Amid the clamor, I couldn’t help but remember Emily, the student who’d written a Regents essay challenging the exam. “I want to learn, but they don’t think I do,” she’d said of the state’s education leaders. “I’d like to see everyone cut the borders in between classes. Instead of having science over here and art over here, I’d like everyone to see the importance in everything.”
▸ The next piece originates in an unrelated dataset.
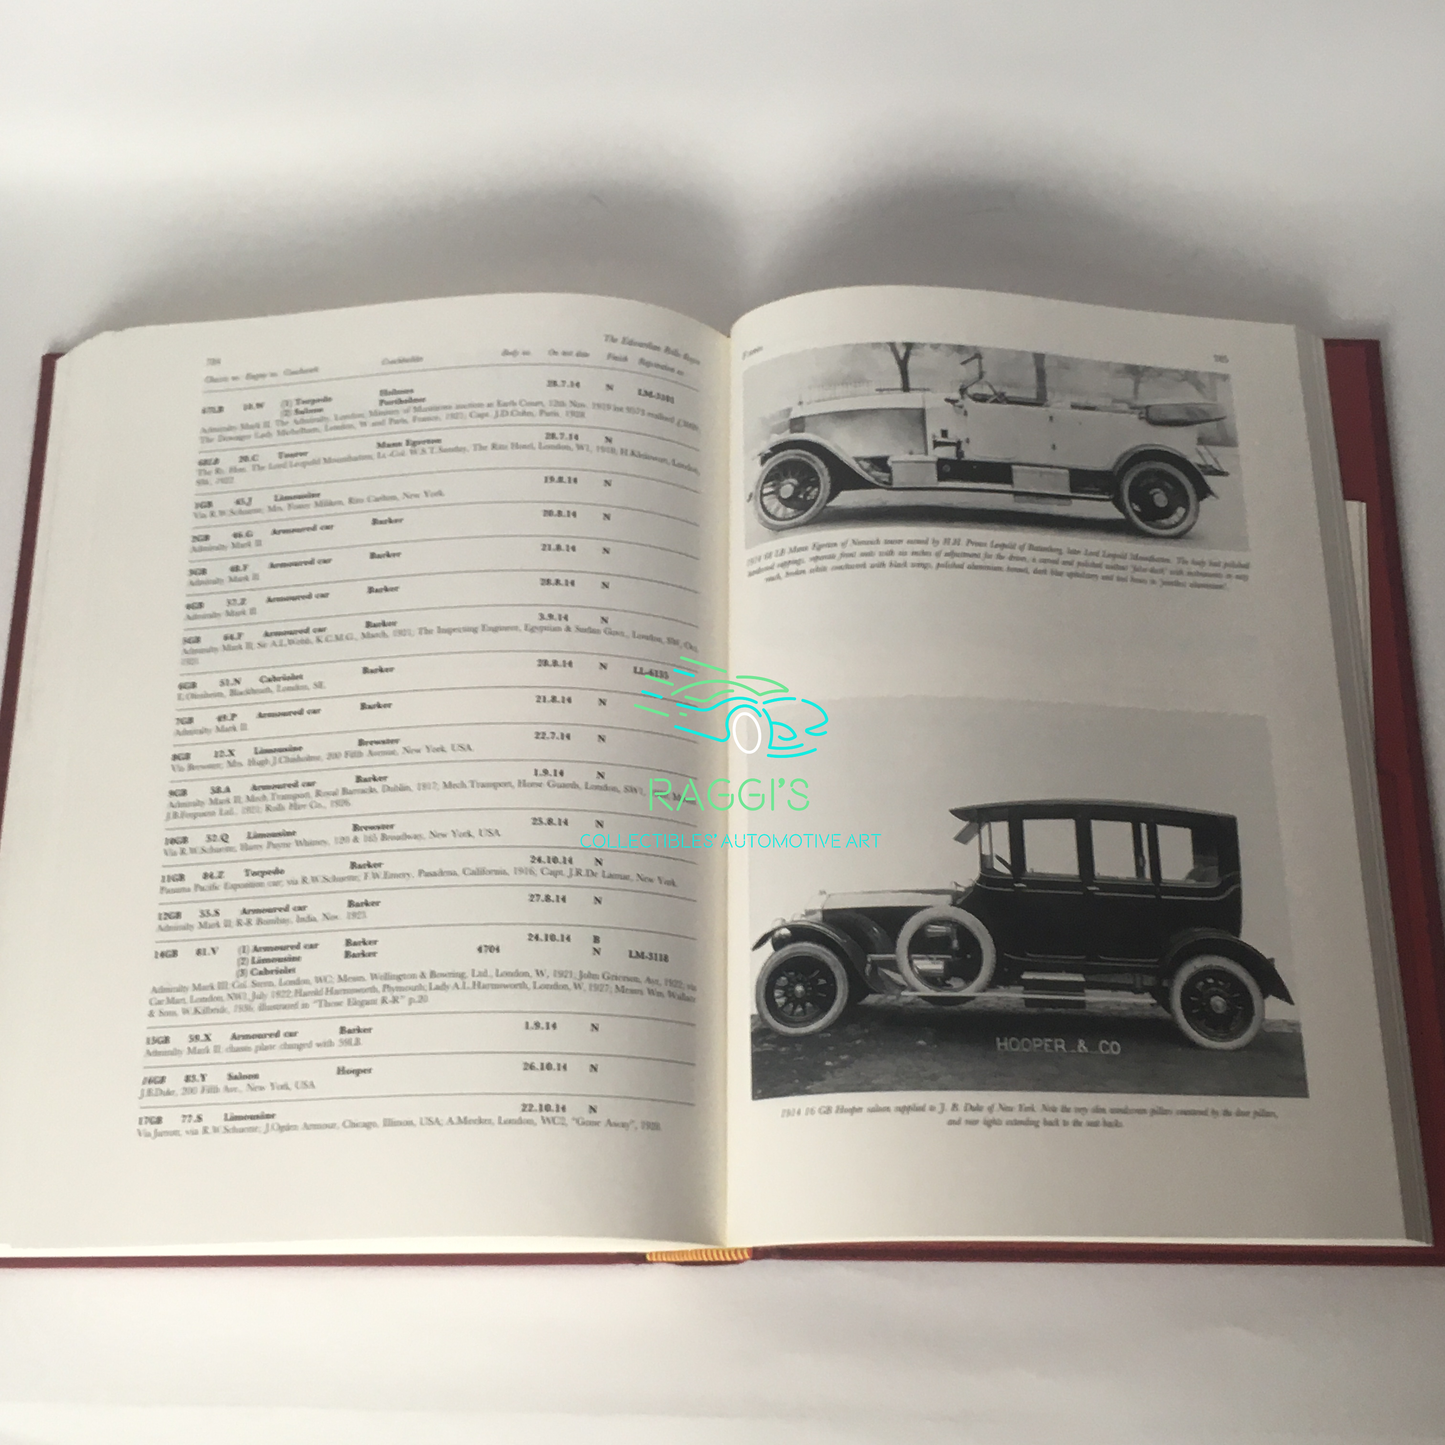 Rolls-Royce, Libro The Edwardian Rolls-Royce di John Fasal e Bryan Goodman, ISBN 0950648957 - Raggi's Collectibles' Automotive Art

One surprise encounter reminded the film crew that testing is not what’s really at issue here—the very nature of learning is. After conducting interviews at the Institute for Collaborative Education, another alternative school, we stumbled upon Carlos, the after-hours janitor. Walking us through empty classrooms draped with student projects on the walls, he confessed: “I fought to work up here on this floor. I have teenage kids of my own. If I could, I would have them come here. I don’t tell my boss that the kids are here till 7 or 8 at night, working on projects. He doesn’t want them here that late. At other schools, kids are there because they’re forced to be there. Here, kids are here because they want to be here. Here, we have to literally throw the kids out of the building.”